Extracted 41 plural nouns and saved them to 'plural_nouns.txt'.


**extracting multi-word nouns due to their different representation in SBN.**

In [None]:
import spacy

# Load the spaCy English language model
nlp = spacy.load("en_core_web_sm")

# Function to extract multi-word nouns (noun phrases)
def extract_multi_word_nouns(text):
    doc = nlp(text)
    multi_word_nouns = []
    for token in doc:
        if token.dep_ == 'compound' and token.head.pos_ == 'NOUN':
            noun_phrase = ' '.join([token.text for token in token.head.lefts] + [token.head.text] + [token.text for token in token.head.rights])
            multi_word_nouns.append(noun_phrase)
    return multi_word_nouns

# Input and output file paths
input_file_path = 'nouns.txt'
output_file_path = 'multi_word_nouns.txt'

# Read the input file containing text
with open(input_file_path, 'r') as f:
    text = f.read()

# Extract multi-word nouns (noun phrases)
multi_word_nouns = extract_multi_word_nouns(text)

# Save the extracted multi-word nouns to the output file
with open(output_file_path, 'w') as f:
    for noun_phrase in multi_word_nouns:
        f.write(noun_phrase + '\n')

print(f"Extracted {len(multi_word_nouns)} multi-word nouns and saved them to '{output_file_path}'.")


Extracted 1787 multi-word nouns and saved them to 'multi_word_nouns.txt'.

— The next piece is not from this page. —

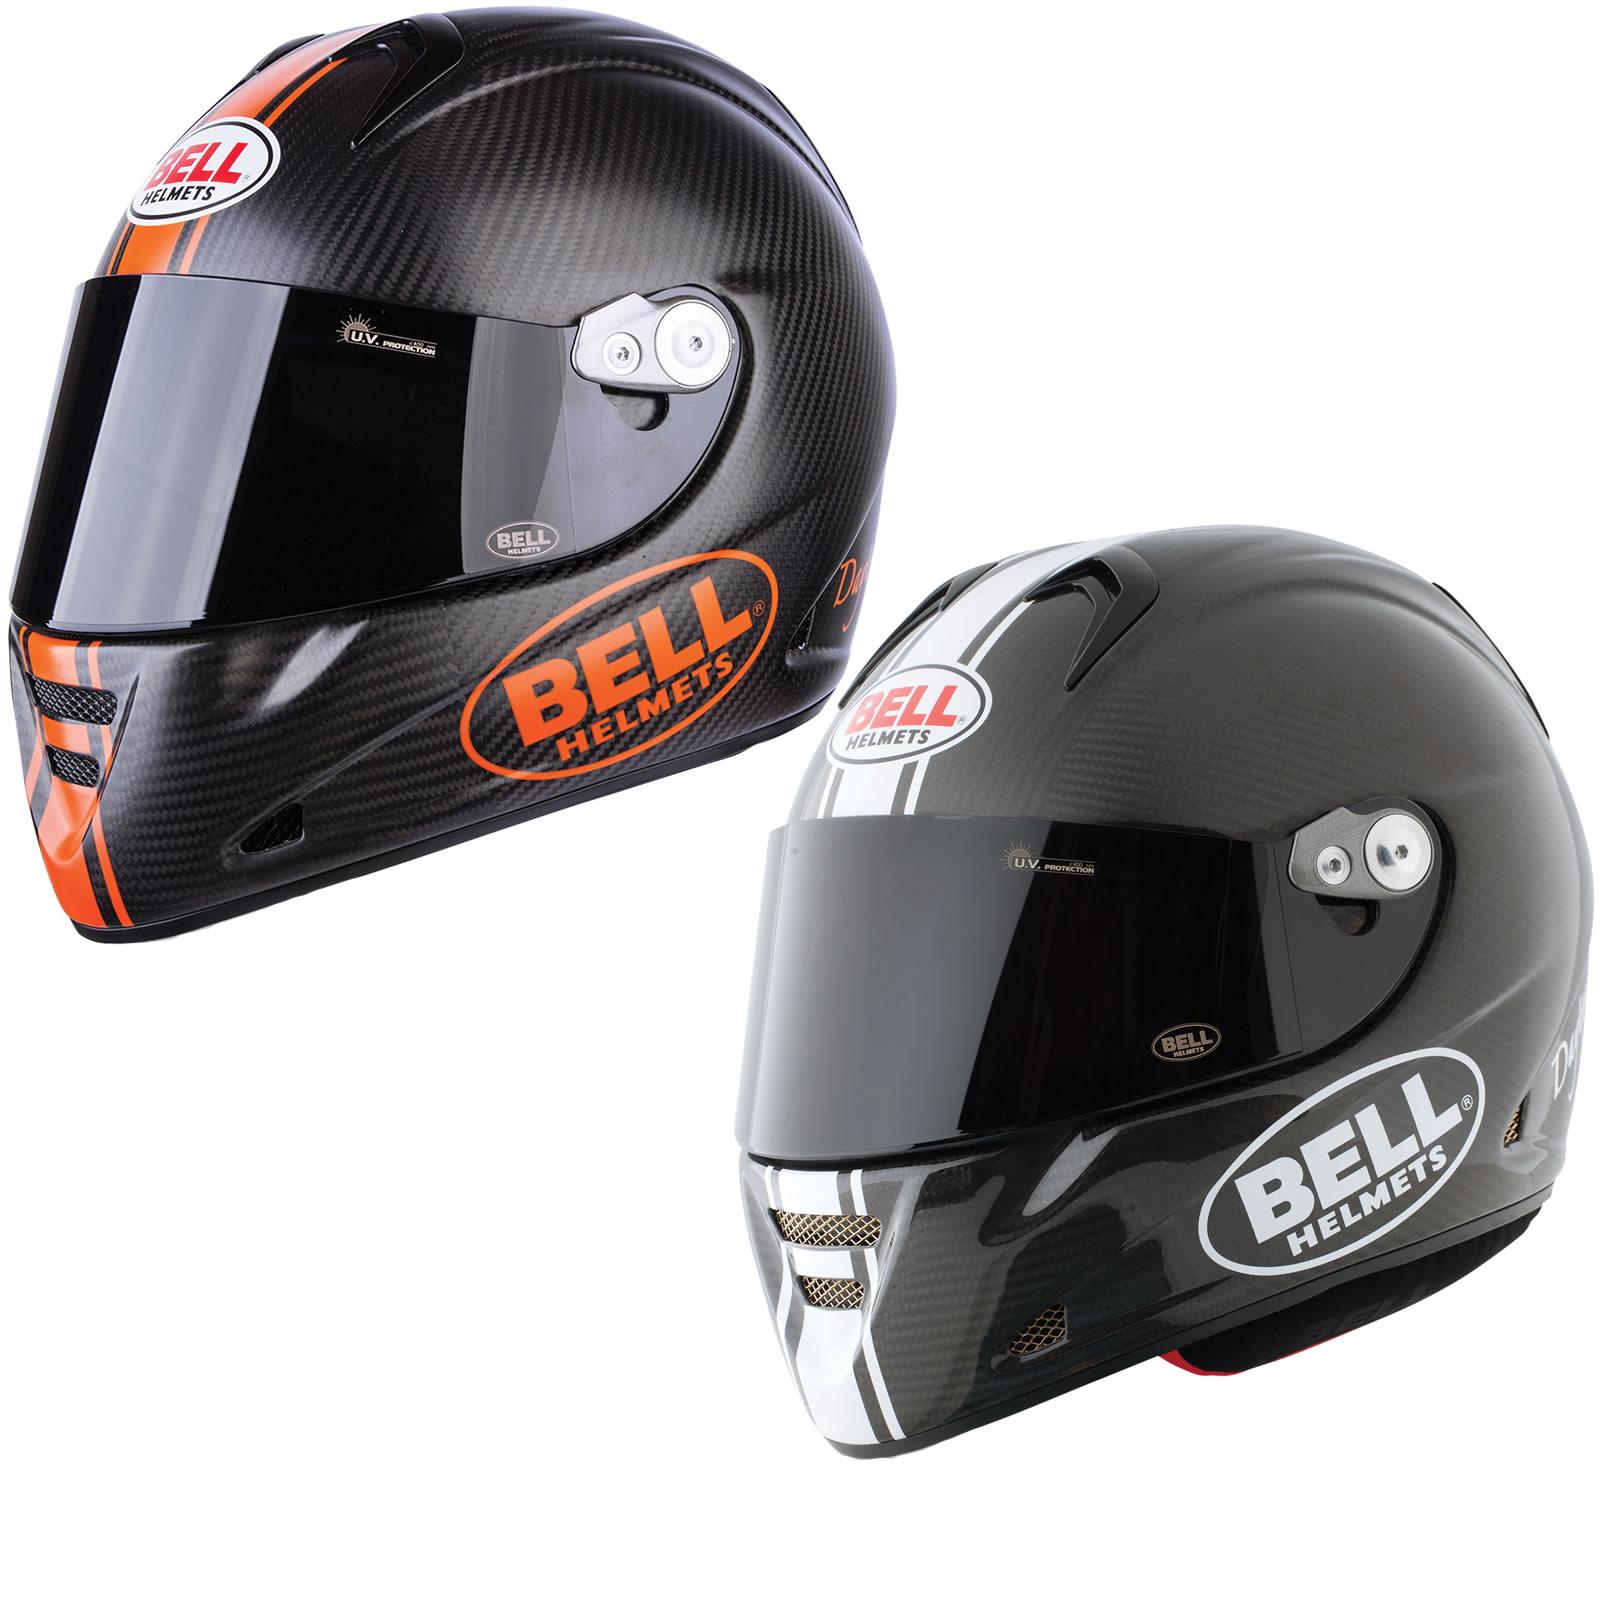 bell m5x daytona carbon motorcycle helmet full face. Black Bedroom Furniture Sets. Home Design Ideas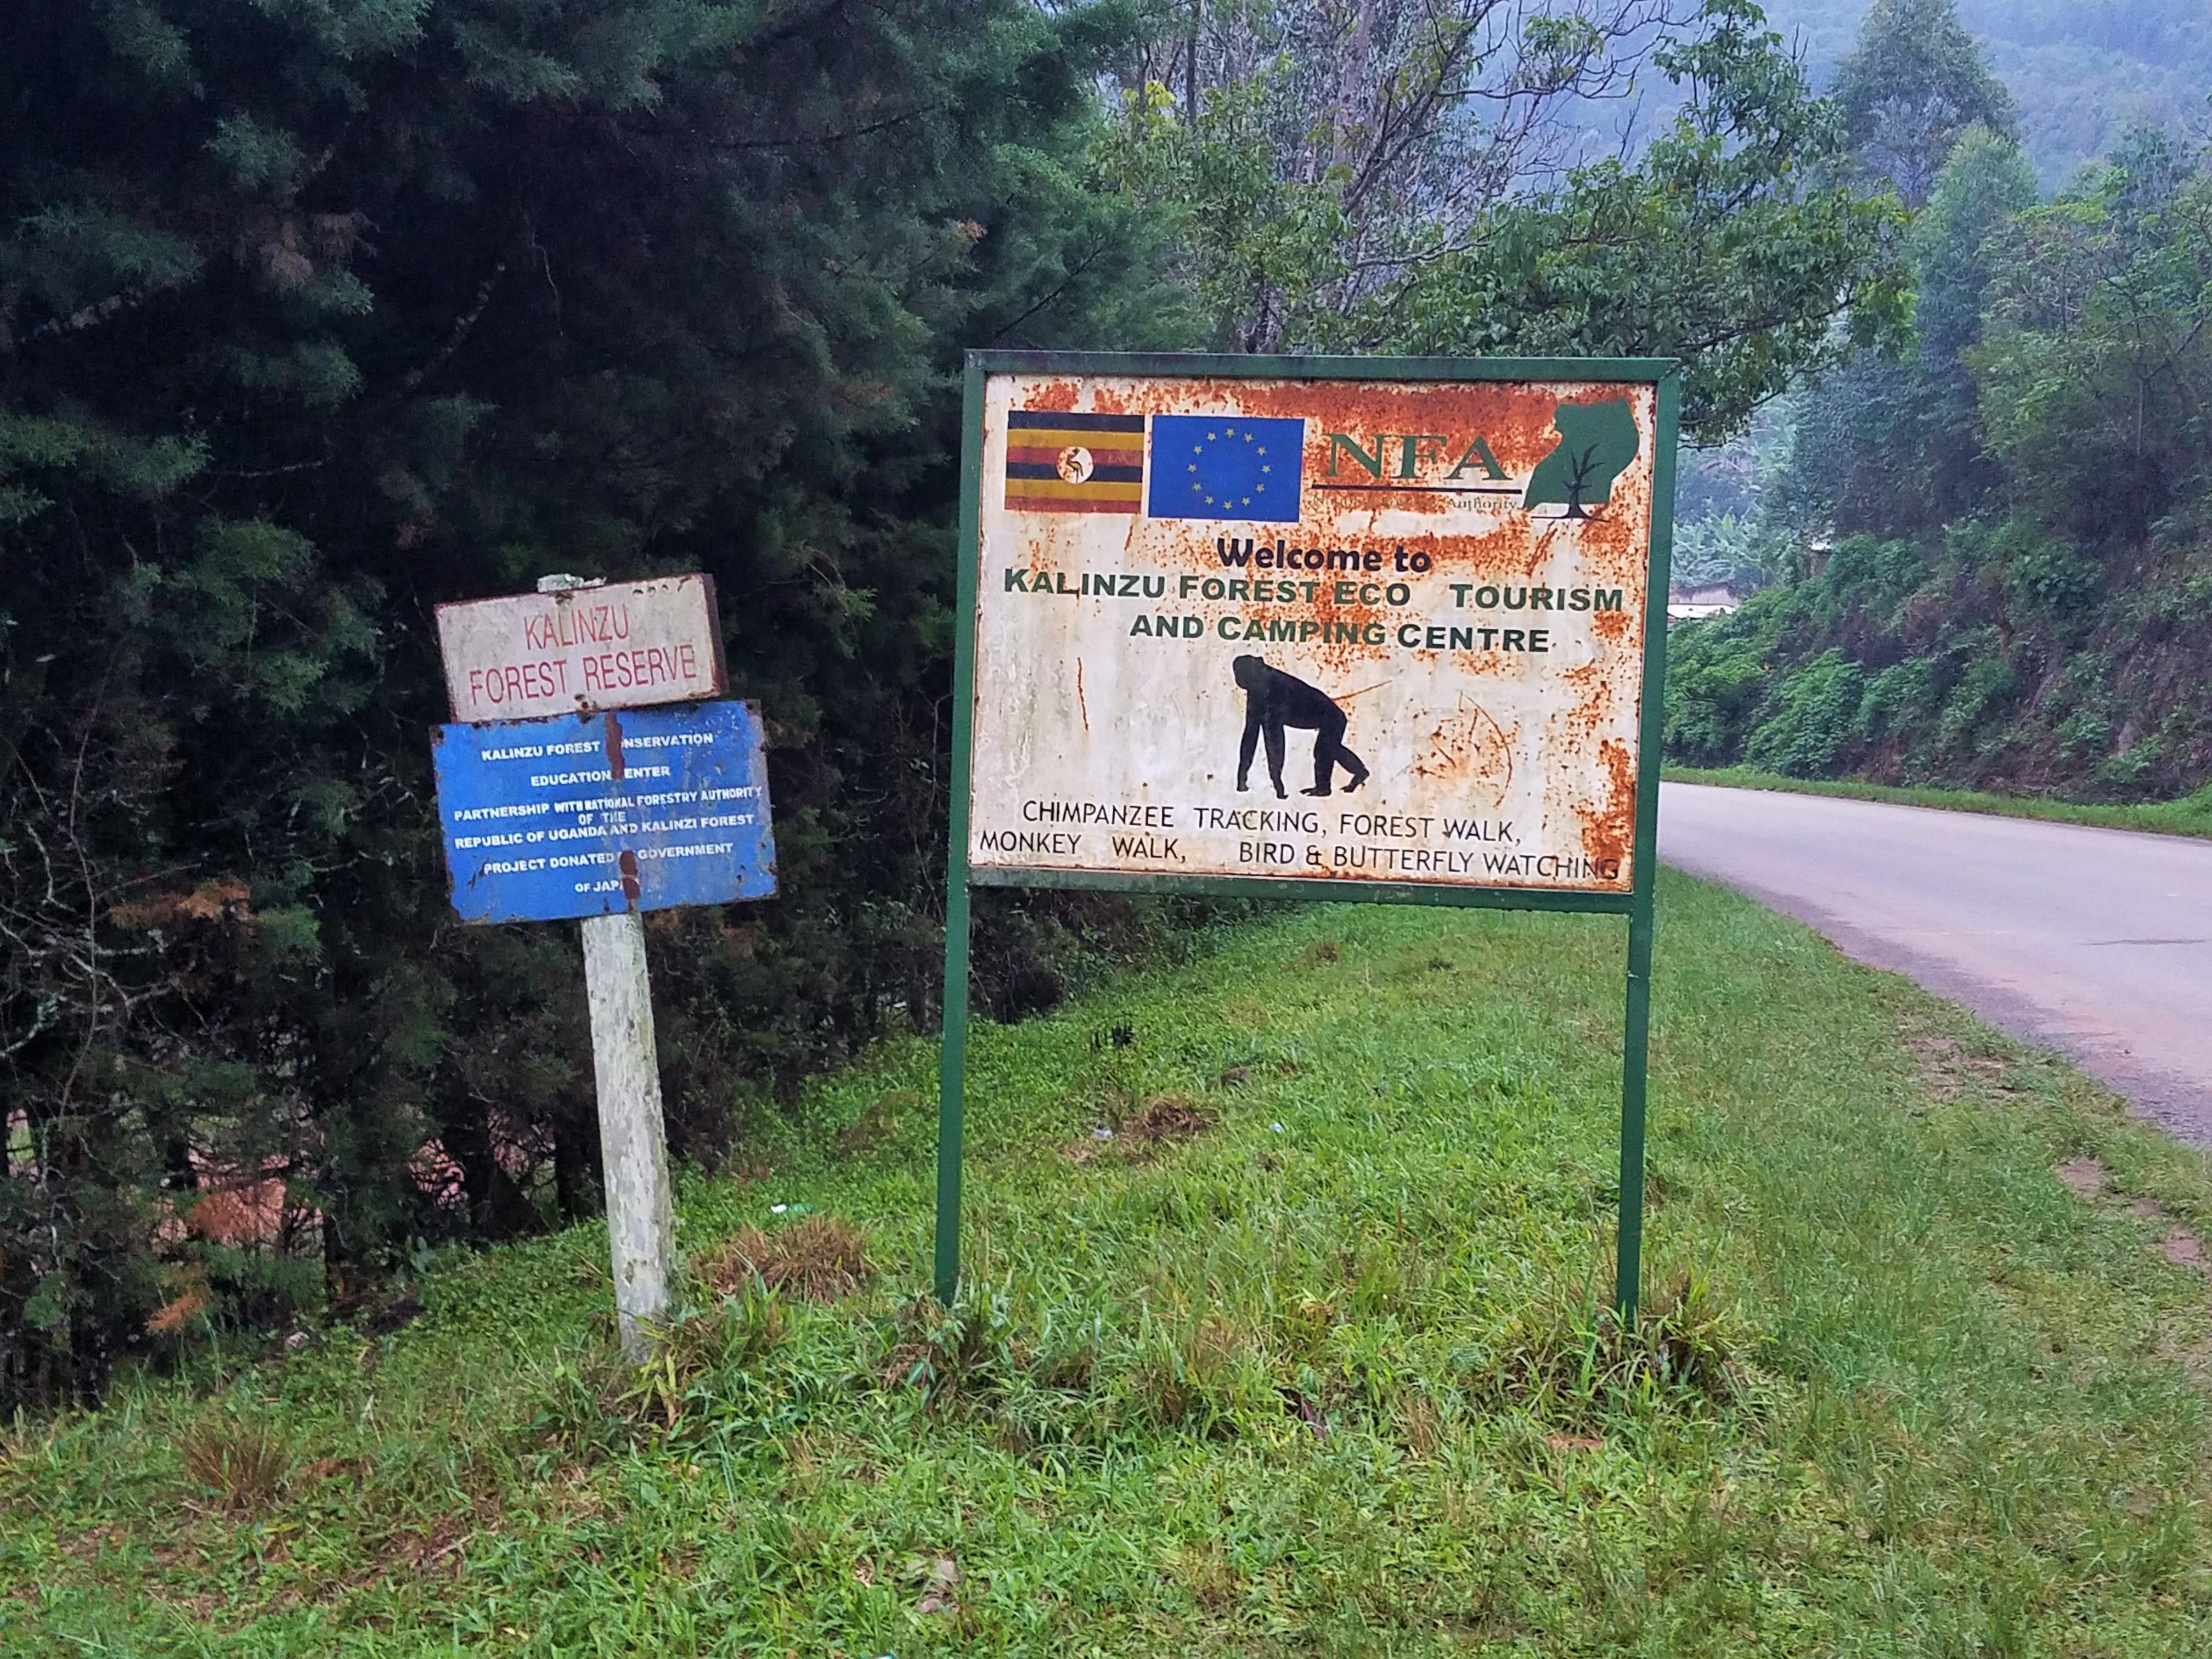 safari, Uganda, Red Chili, Chimp Tracking, Kalinzu Forrest, eco-tourism

**Dealing with constraints in noun extraction.**
1- singluar plural
2- upper case and lower case
3- multi-word nouns

In [None]:
!pip install inflect

In [None]:
import re
import inflect

# Initialize the inflect engine for singularization and pluralization
p = inflect.engine()

# Given data examples
data_examples = [
    "It took him three months to learn to ride a bicycle.	time.n.08 TPR now male.n.02 quantity.n.01 EQU 3 month.n.02 Quantity -1 learn.v.01 Time -4 Agent -3 Duration -1 Topic +1 ride.v.02 Agent -4 Theme +1 bicycle.n.01",
    "He is ill.	male.n.02 time.n.08 EQU now ill.a.01 AttributeOf -2 Time -1",
    "They will be jealous.	person.n.01 time.n.08 TSU now jealous.a.01 Experiencer -2 Time -1",
    "I'm running out of ideas.	person.n.01 EQU speaker time.n.08 EQU now run_out.v.06 Source -2 Time -1 Theme +1 idea.n.01",
    "The girl is deeply attached to her aunt.	girl.n.01 time.n.08 EQU now deeply.r.01 attached.a.04 Experiencer -3 Time -2 Degree -1 Stimulus +2 female.n.02 person.n.01 Role +1 aunt.n.01 Of -2",
]

# Define a function to extract nouns from the logical representation
def extract_nouns_from_logical(logical_representation):
    nouns = []
    # Split the logical representation into components
    components = logical_representation.split()
    for component in components:
        # Extract nouns based on the part-of-speech ("n" for nouns) and handle case-insensitivity
        match = re.match(r'(.+)\.n\.(\d+)', component, re.IGNORECASE)
        if match:
            noun = match.group(1)
            nouns.append(noun)
    return nouns

# Define a function to match logical nouns with words in the text
def match_logical_nouns_with_text(logical_nouns, text):
    matched_nouns = []
    # Tokenize the text into words
    words = text.split()
    for word in words:
        # Check if the word corresponds to a logical noun, considering case-insensitivity and singular/plural forms
        for noun in logical_nouns:
            if (noun.lower() == word.lower() or re.search(rf'\b{noun}\b', word, re.IGNORECASE) or
                    p.singular_noun(noun) == word.lower() or p.plural_noun(noun) == word.lower()):
                matched_nouns.append(word)
    return matched_nouns

# Extract nouns from each data example and match with words in the text
for example in data_examples:
    parts = example.split('\t')
    text = parts[0]
    logical_representation = parts[1]

    # Extract nouns from logical representation
    logical_nouns = extract_nouns_from_logical(logical_representation)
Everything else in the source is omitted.